Infrastructure – Rail

  • Turkey is transforming its rail transport infrastructure from conventional to high-speed systems, as well as expanding and improving its urban transport systems. A huge amount of investment is planned to improve north-south connectivity and the Trans-Asia railway connection.
  • Large municipalities need for sustainable mobility solutions in urban areas has led to increased investment in public transportation and openness to innovative solutions. This is creating demand for design and planning consultancy services, as well as high-tech systems.
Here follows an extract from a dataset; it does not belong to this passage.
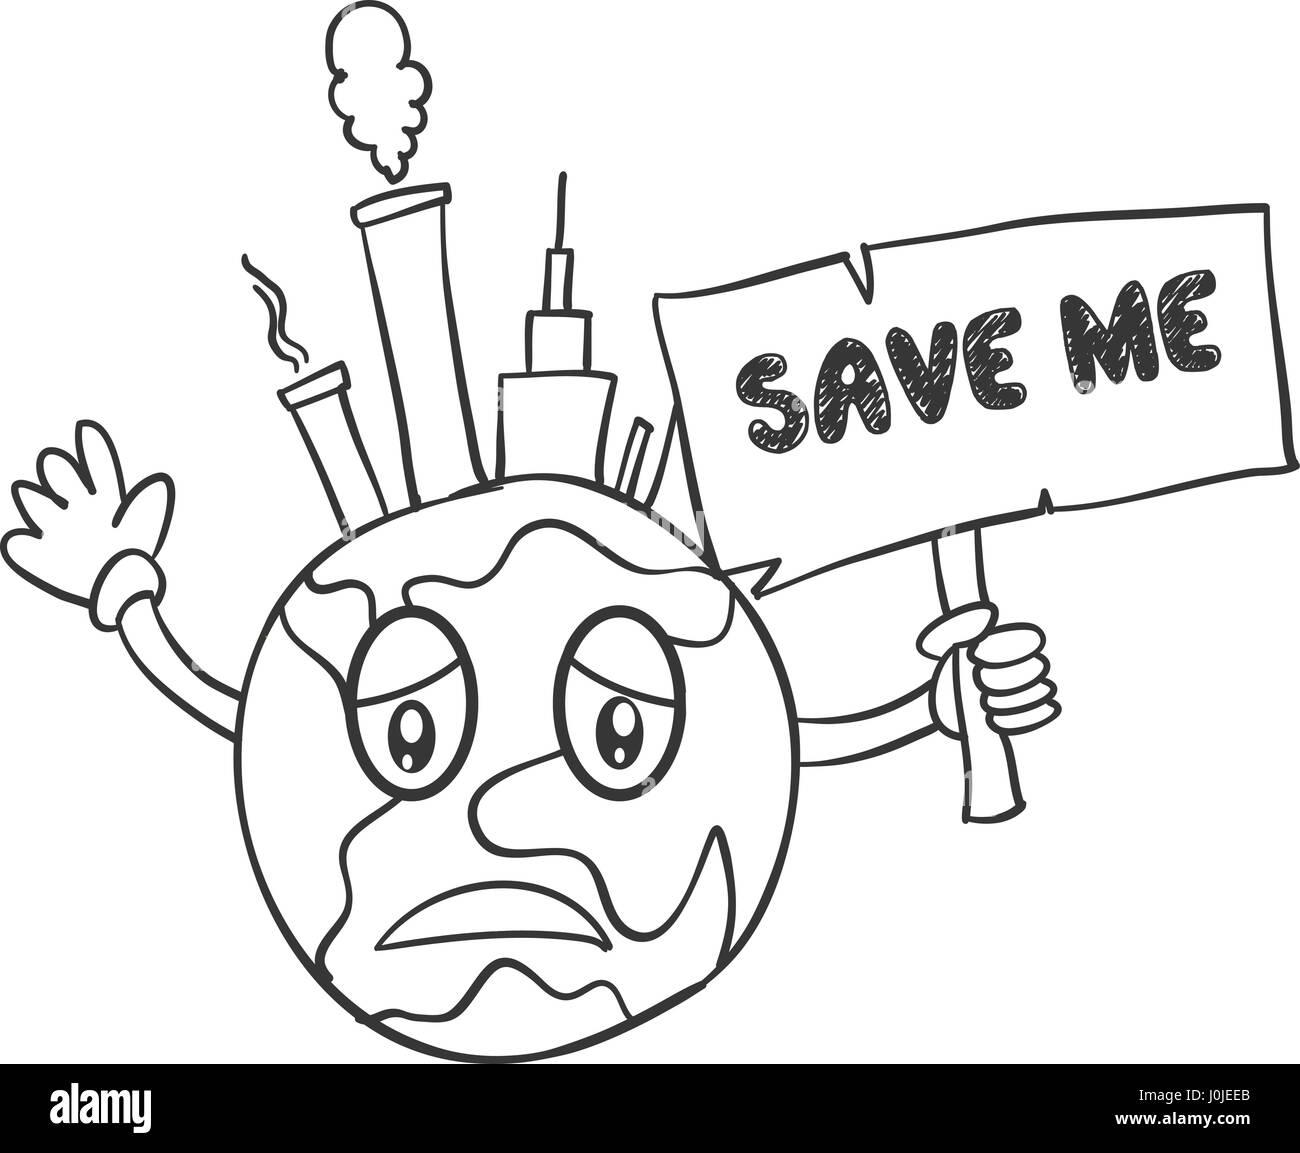 Hand Draw Of World Earth Day Stock Vector Art Illustration Vector

Innovative approaches to finance are also sought.

Infrastructure – Water

  • Turkey is a large market for water and wastewater solutions. Waste water treatment plants are expected to be rapidly expanded with 1501 new facilities. Opportunities exist in a wide range of areas.


  • Turkey has very diverse mineral deposits due its complex geology. A major producer of industrial minerals, primary metallic minerals and lignite, Turkey ranks 10th in global mineral diversity.
  • It is particularly rich in boron and natural stone reserves and has serious lignite and gold production.
  • UK businesses have an excellent reputation with the Turkish mining industry and the UK is seen as a trusted supplier especially in electrical and safety equipment. There are also opportunities in exploration and geology, digital and satellite technology, and innovative equipment.